Is numerical encoding necessary for the target var

2019-08-03 16:25发布

问题:

I am using sklearn for text classification, all my features are numerical but my target variable labels are in text. I can understand the rationale behind encoding features to numerics but don't think this applies for the target variable?

回答1:

If your target variable is in textual form, you can transform it into numeric form (or you can leave it alone, please see my note below) in order for any Scikit-learn algorithm to pick it in an OVA (One Versus All) scheme: your learning algorithm will try to guess each class as compared against the residual ones only when they will be transformed into numeric codes starting from 0 to (number of classes - 1).
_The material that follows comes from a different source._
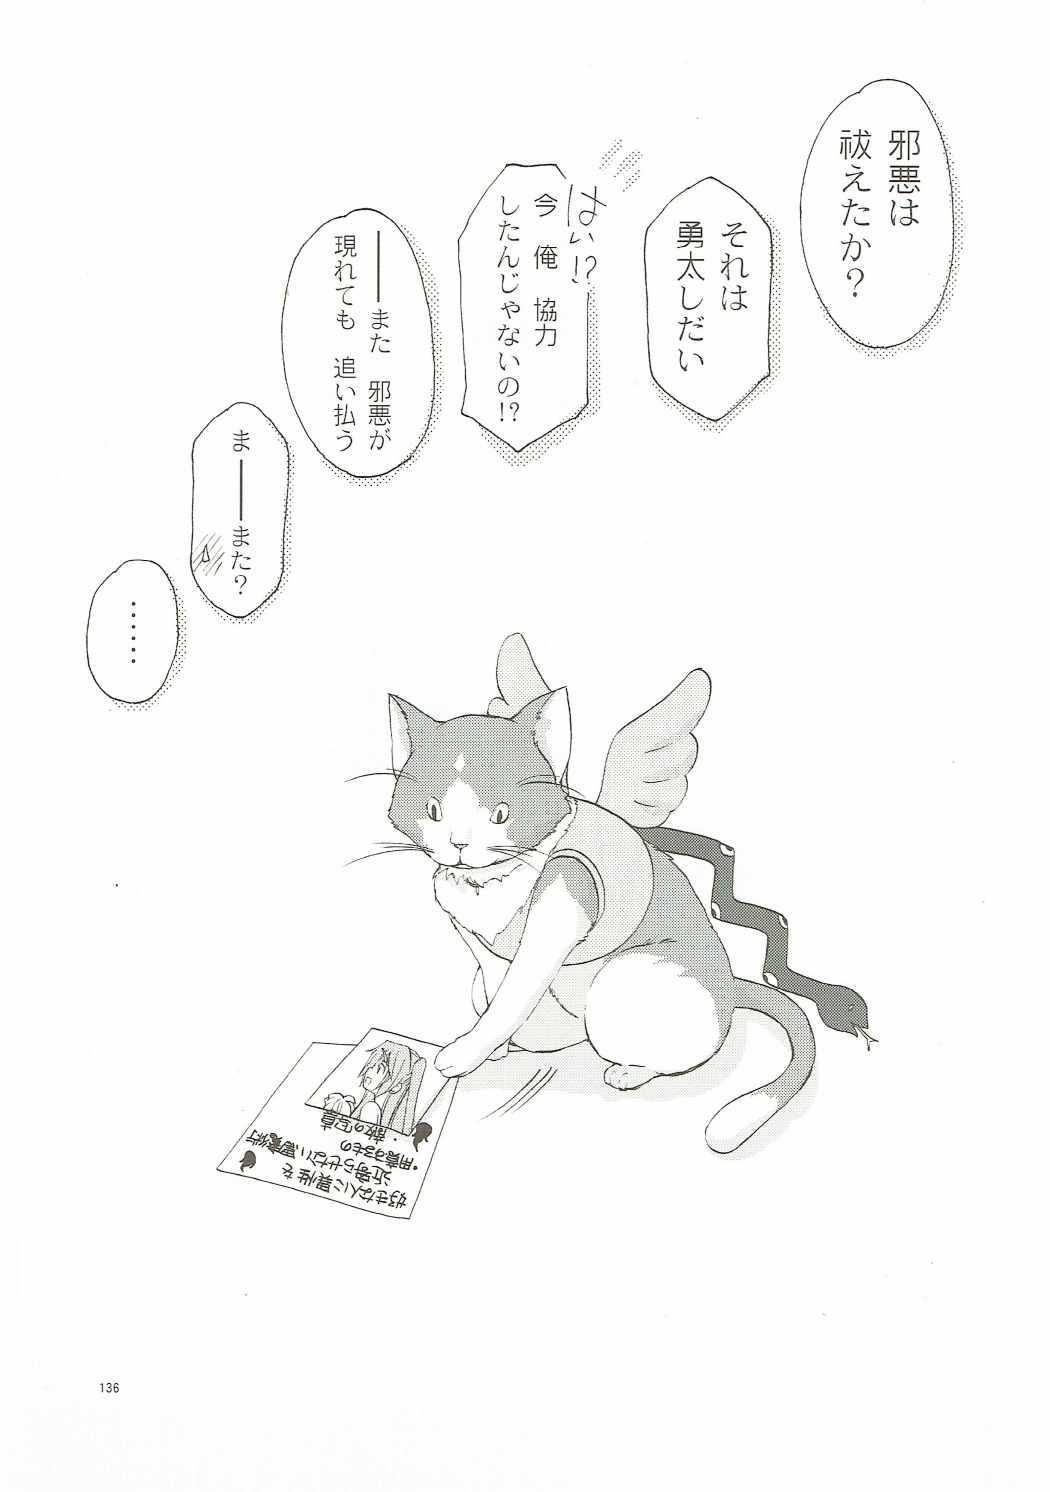 ANIME COLLECTION Imomuya Honpo - Singleton Anime Soushuuhen 134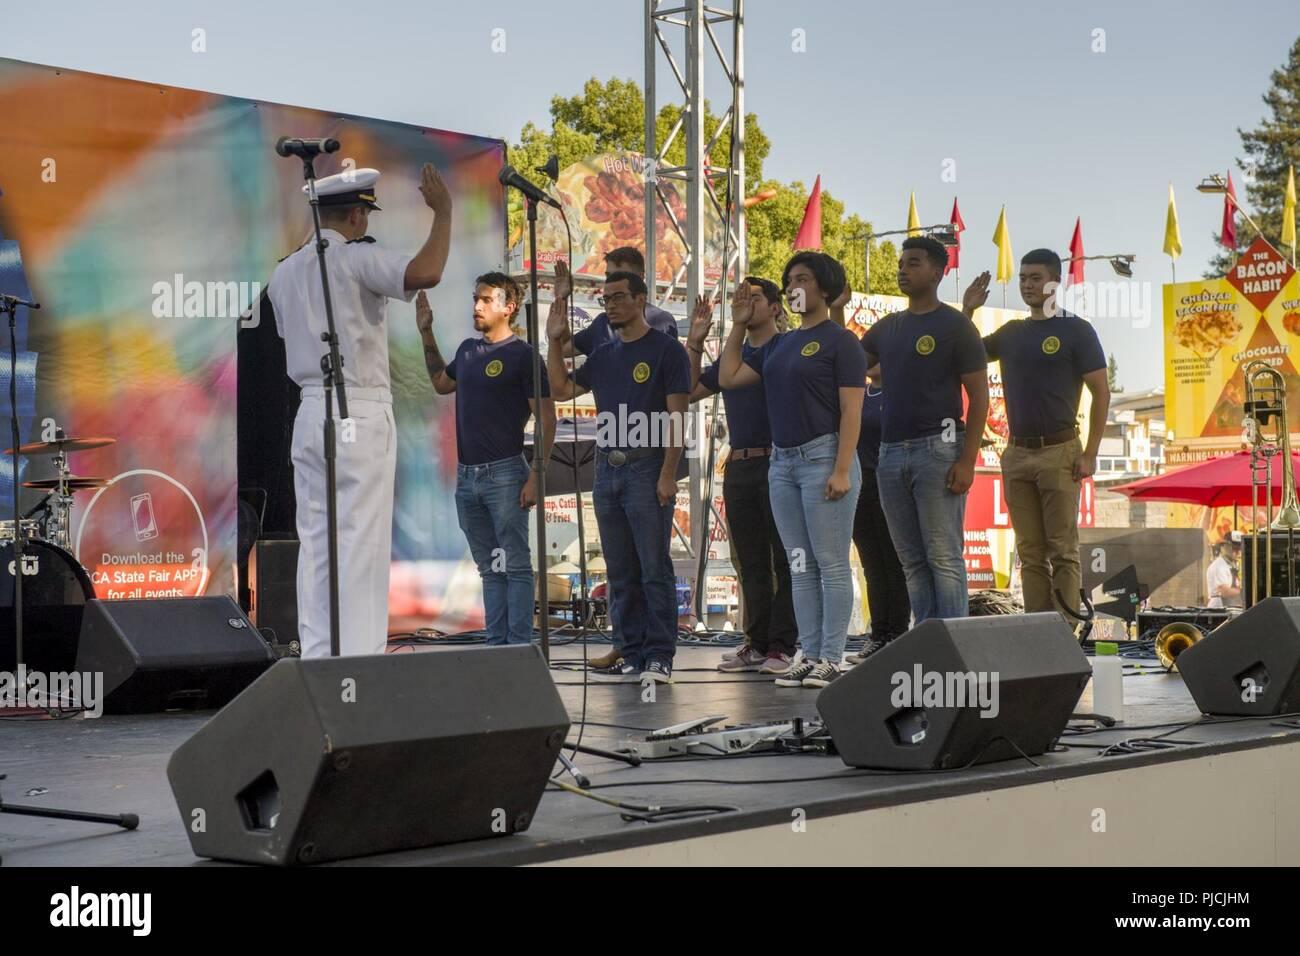 SACRAMENTO Calif , (July 19, 2018) Nine future Sailors

For instance, in this example from the Scikit-Learn documentation, you can figure out the class of your iris because there are three models that evaluate each possible class:

  • class 0 versus classes 1 and 2
  • class 1 versus classes 0 and 2
  • class 2 versus classes 0 and 1

Naturally, classes 0, 1 and 2 are Setosa, Versicolor, and Virginica, but the algorithm needs them expressed as numeric codes, as you can verify by exploring the results of the example code:

list(iris.target_names)
['setosa', 'versicolor', 'virginica']

np.unique(Y)
array([0, 1, 2])

NOTE: it is true that Scikit-learn encodes by itself the target labels if they are strings. On Scikit-learn's Github page for logistic regression (https://github.com/scikit-learn/scikit-learn/blob/master/sklearn/linear_model/logistic.py) you can see at rows 1623 and 1624 where the code calls the label encoder and it encodes labels automatically:

# Encode for string labels
label_encoder = LabelEncoder().fit(y)
y = label_encoder.transform(y)